Would you please set down the data again exactly as given, excluding the pictures?

- **INPUT DATA**
■ ■ ■
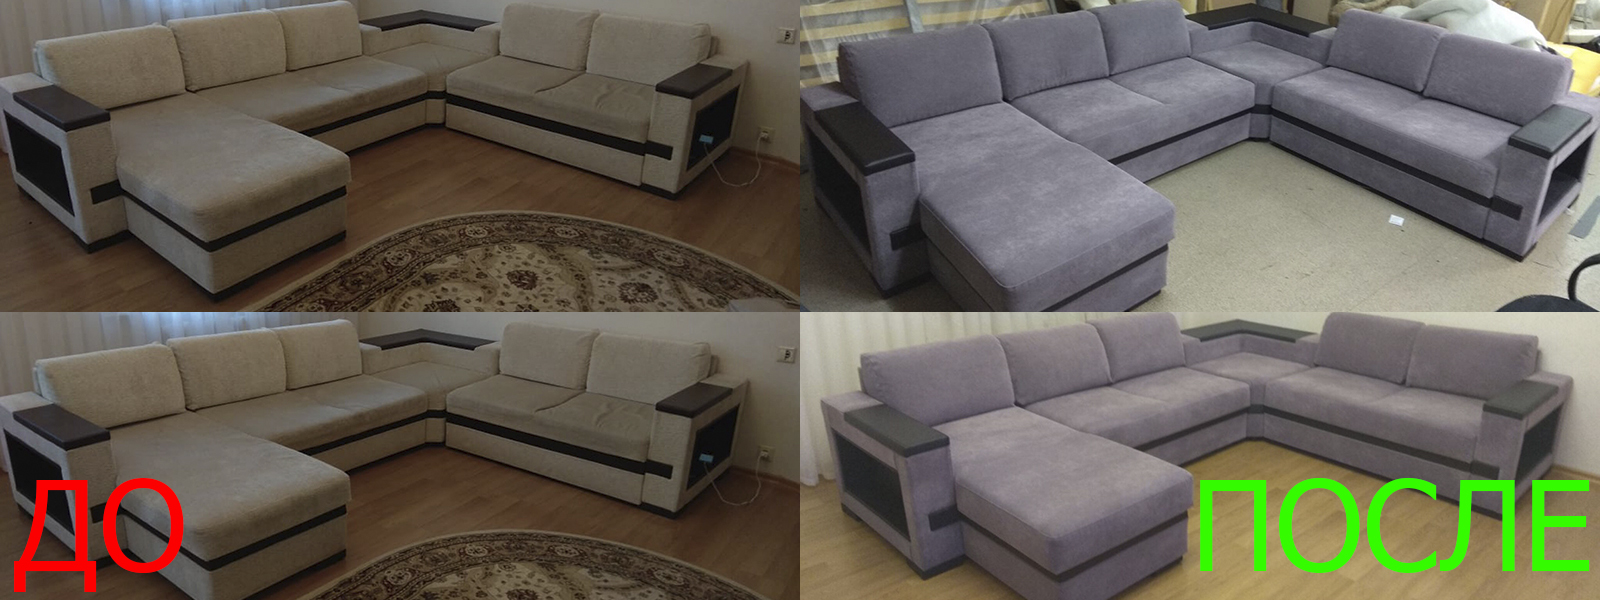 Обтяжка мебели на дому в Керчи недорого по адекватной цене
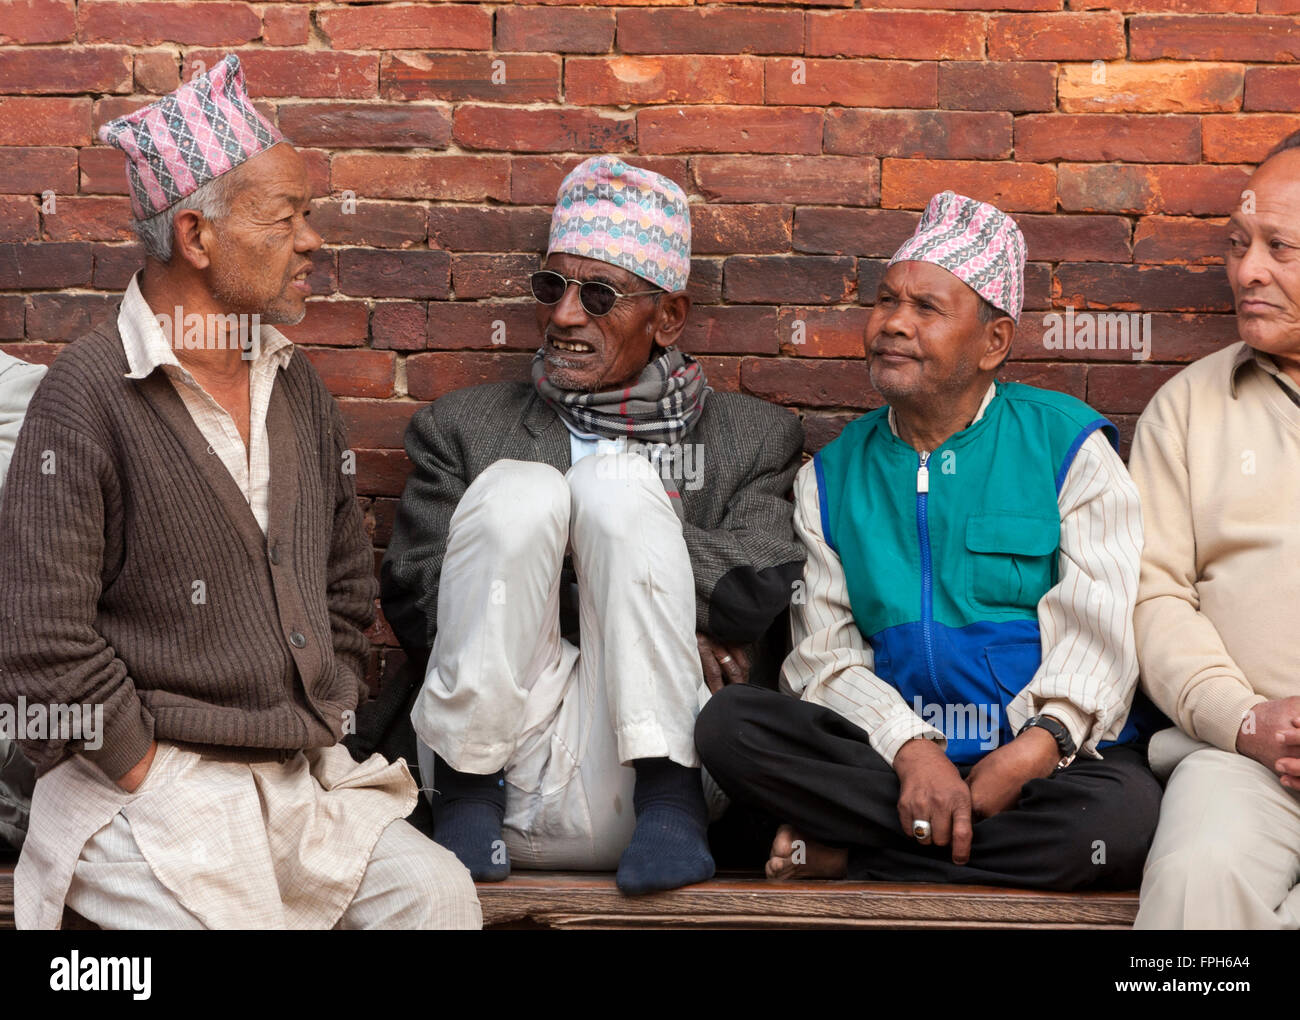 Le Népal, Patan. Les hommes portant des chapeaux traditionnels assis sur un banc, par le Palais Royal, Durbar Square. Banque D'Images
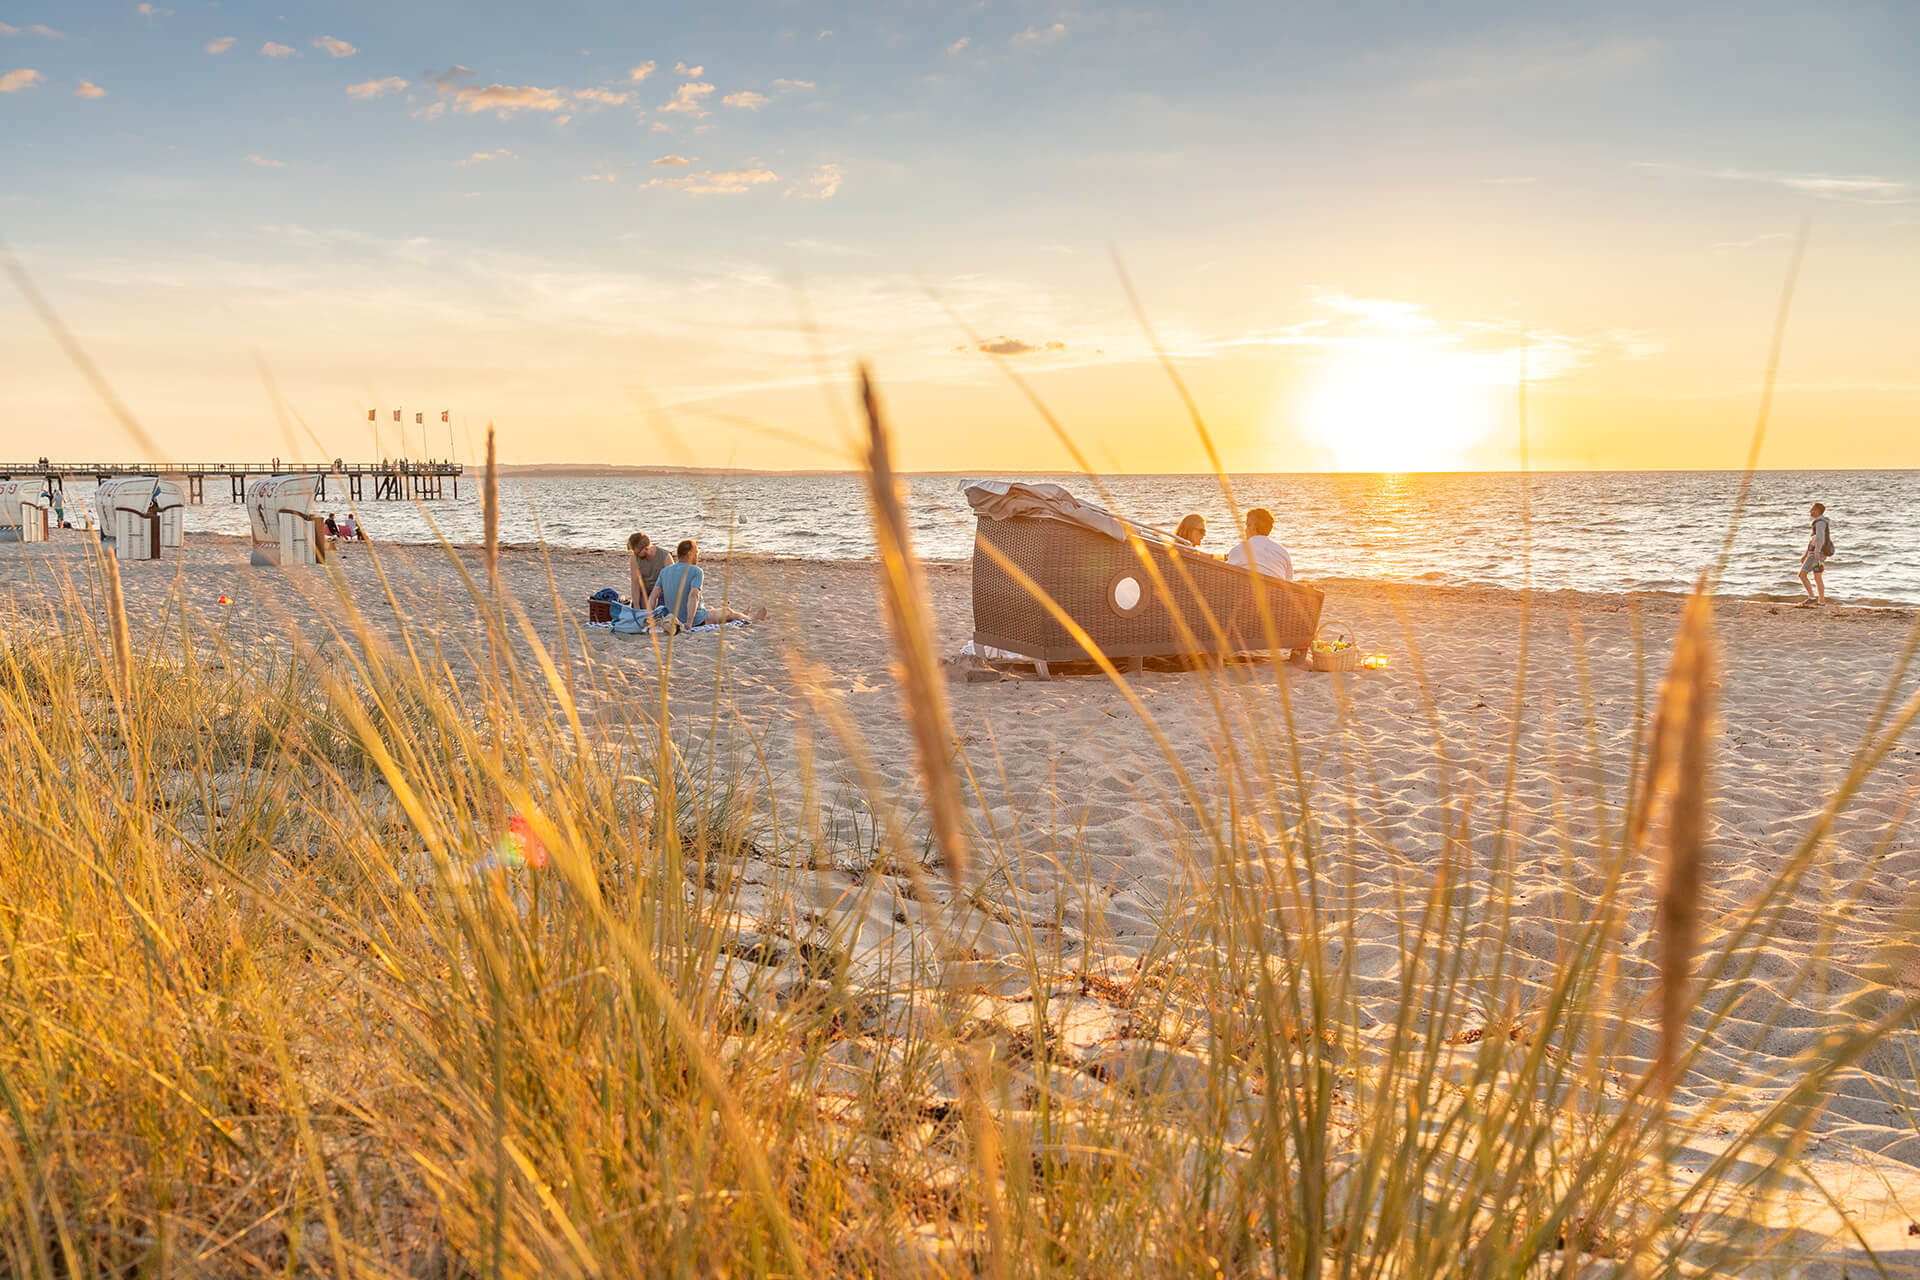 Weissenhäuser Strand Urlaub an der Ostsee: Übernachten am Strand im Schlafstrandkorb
■ ■ ■
- **FINISHED TASK**
 Обтяжка мебели на дому в Керчи недорого по адекватной цене
 Le Népal, Patan. Les hommes portant des chapeaux traditionnels assis sur un banc, par le Palais Royal, Durbar Square. Banque D'Images
 Weissenhäuser Strand Urlaub an der Ostsee: Übernachten am Strand im Schlafstrandkorb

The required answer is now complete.